Loading the First User Program

In the operating system, loading user programs is the responsibility of the loader module. We know that a program includes code and data, both of which are stored in the executable file. The loading process involves placing the code and data from the executable file into the correct memory locations, then jumping to the program's entry point, at which the program begins execution. More specifically, to implement the loader() function, we need to address the following questions:

Where is the executable file?
Where in the executable file are the code and data located?
How much code and data are there?
Where are the "correct memory locations"?

To answer the first question, we need to first explain where user programs come from. User programs run on top of the operating system, and due to differences in the runtime environment, we cannot run programs compiled for AM directly on the operating system. For this reason, we have prepared a new subproject, Navy-apps, specifically for compiling user programs for the operating system. The framework code for Navy can be obtained by executing the following command:

cd ics2023
bash init.sh navy-apps

The structure of the Navy subproject is as follows, for more explanations, you can read README.md:

navy-apps
├── apps            # User program
│   ├── am-kernels
│   ├── busybox
│   ├── fceux
│   ├── lua
│   ├── menu
│   ├── nplayer
│   ├── nslider
│   ├── nterm
│   ├── nwm
│   ├── onscripter
│   ├── oslab0
│   └── pal         # Chinese palatin
├── fsimg           # Root FS
├── libs            # Runtime lib
│   ├── libc        # Newlib libC
│   ├── libam
│   ├── libbdf
│   ├── libbmp
│   ├── libfixedptc
│   ├── libminiSDL
│   ├── libndl
│   ├── libos       # User level abstraction of system call
│   ├── libSDL_image
│   ├── libSDL_mixer
│   ├── libSDL_ttf
│   └── libvorbis
├── Makefile
├── README.md
├── scripts
└── tests           # Some tests

Navy's Makefile organization is very similar to abstract-machine, so you should find it easy to understand. In navy-apps/libs/libc, there is a project named Newlibopen in new window, which is a C library specifically provided for embedded systems, with functions that have very low runtime environment requirements. This is very friendly for Nanos-lite, as we do not need to implement additional features in Nanos-lite to accommodate the C library. The entry point of the user program is in the _start() function located at navy-apps/libs/libos/src/crt0/start.S, where crt stands for C RunTime, and 0 indicates the very beginning. The _start() function will call the call_main() function in navy-apps/libs/libos/src/crt0/crt0.c, then it calls the user program's main() function, and after returning from main(), it calls exit() to end execution.

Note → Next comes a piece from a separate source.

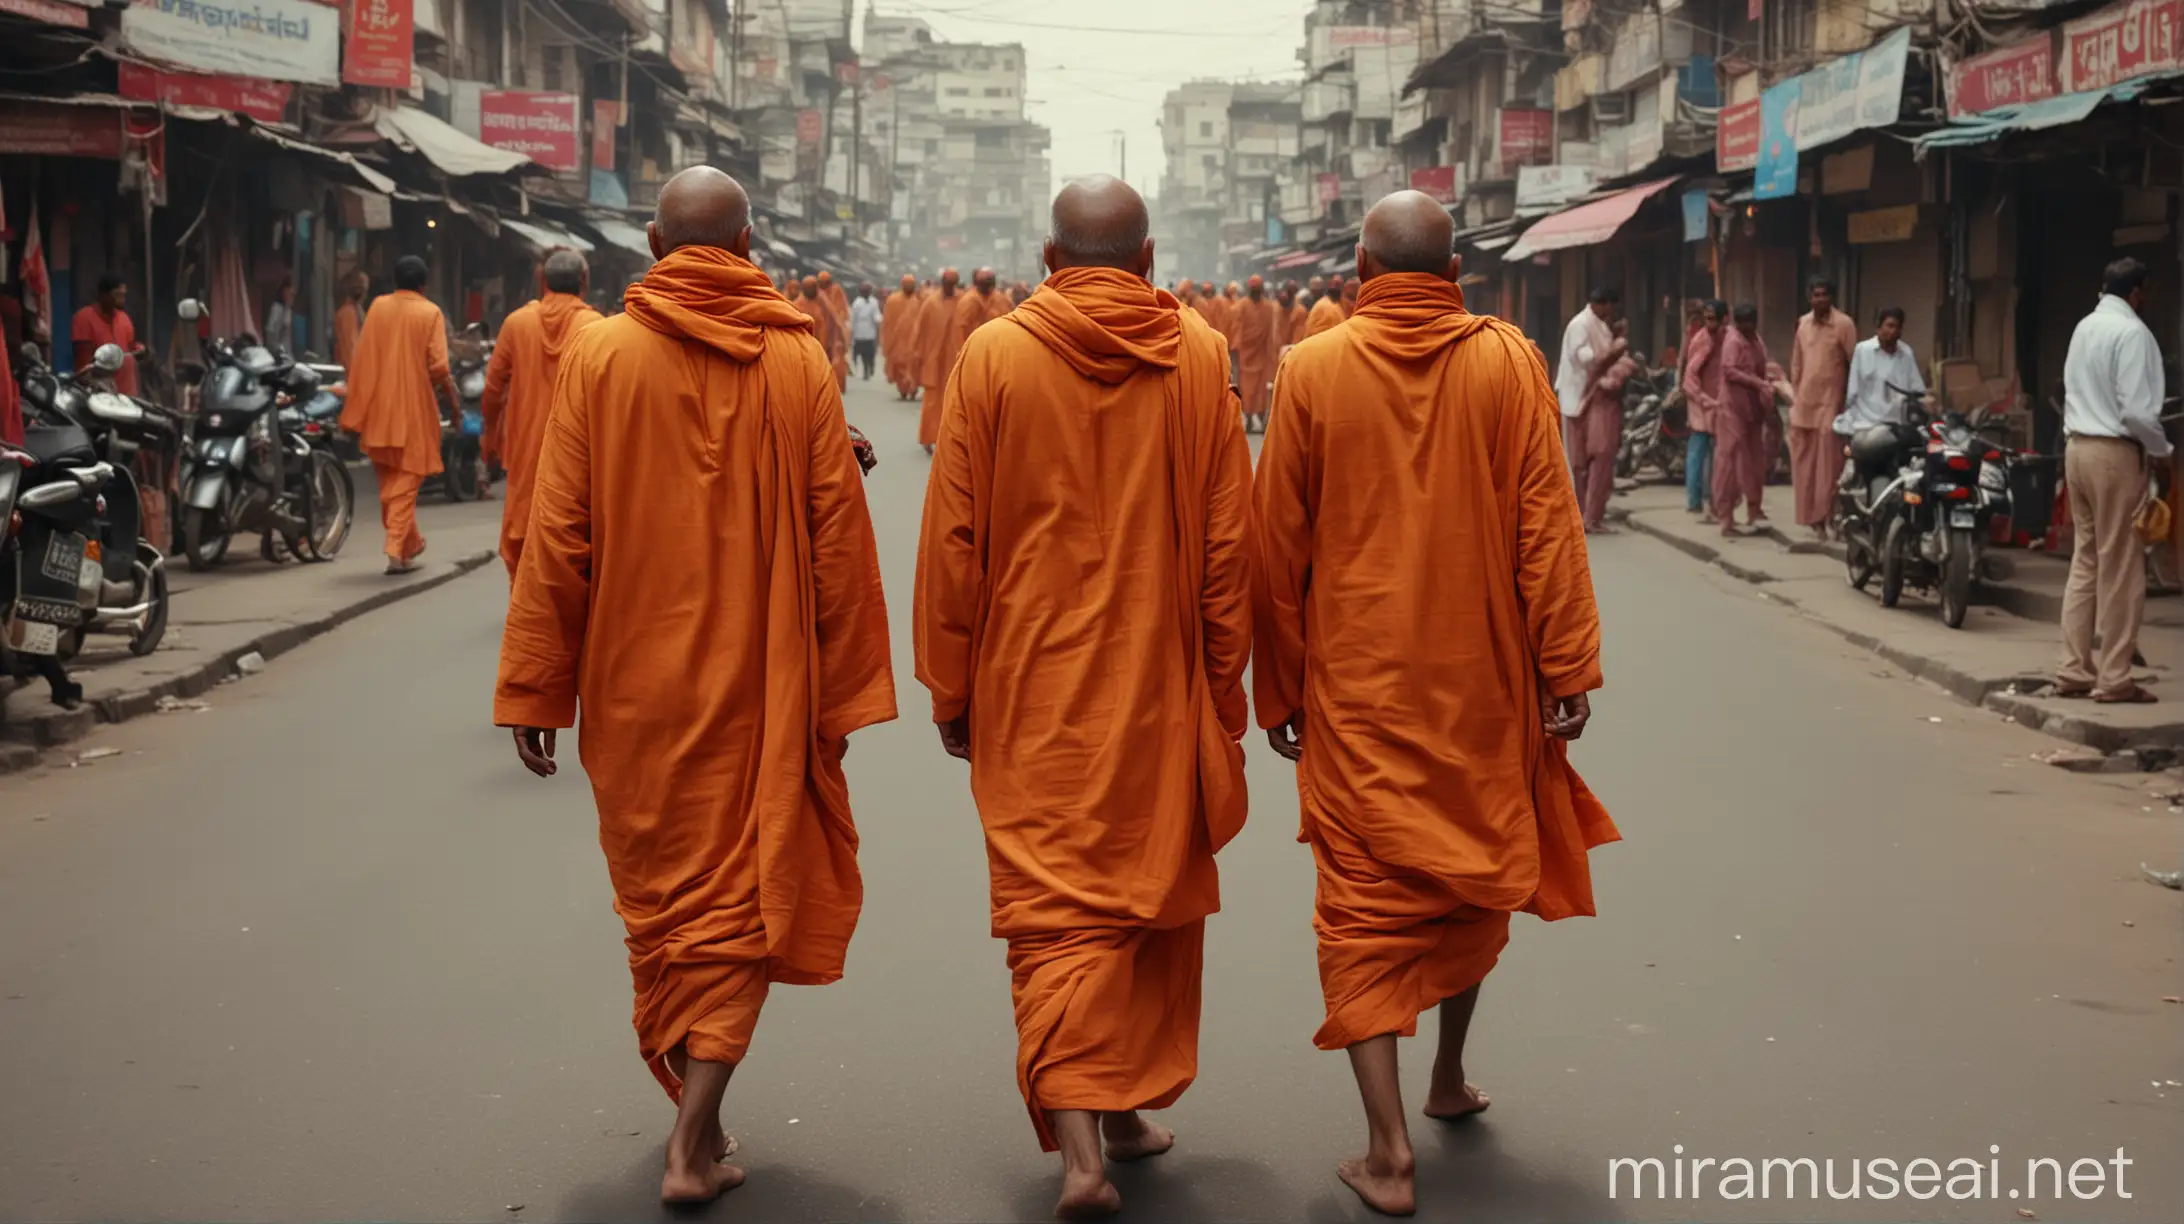 3 indian sadhus wear orange dress, walking on busy indian road, shot from behind

The code of the C library is "always" correct

Some students have thought there were bugs in the C library code while debugging, and after modifying the C library code, the program indeed ran successfully. In fact, the essential tasks of PA do not require modifying the C library code. Modifying the C library code to make the program run successfully indicates that the bug is still in your code. Modifying the C library is just a way to circumvent a bug you have already discovered; it has not been resolved but has returned to a latent state, You are likely to encounter it again in the future, and the effort to resolve it may be greater, and it will be difficult to determine if they are the same bug when you encounter them.

In short, when you decide to take a shortcut, you need to calmly analyze the pros and cons before making a decision.

The first user program we want to run on Nanos-lite is navy-apps/tests/dummy/dummy.c. To avoid conflicts with the content of Nanos-lite, we currently require that the user program be linked near the memory location 0x3000000 (x86) or 0x83000000 (mips32 or riscv32), Navy has already set the appropriate options (see the LDFLAGS variable in navy-apps/scripts/$ISA.mk). To compile dummy, execute in the navy-apps/tests/dummy/ directory:

make ISA=$ISA

The first time compiling in Navy, it will fetch and compile projects like Newlib from GitHub, and many warnings may appear during the compilation process, which can currently be ignored. After successful compilation, manually copy and rename navy-apps/tests/dummy/build/dummy-$ISA to nanos-lite/build/ramdisk.img, then execute in the nanos-lite/ directory:

make ARCH=$ISA-nemu

This will generate the executable file of Nanos-lite, during which the ramdisk image file nanos-lite/build/ramdisk.img is included as part of Nanos-lite (implemented in nanos-lite/src/resources.S). The current ramdisk is very simple; it contains only one file, which is the user program dummy we are about to load, this actually answers the first question above: the executable file is located at offset 0 in the ramdisk, accessing it will get the first byte of the user program.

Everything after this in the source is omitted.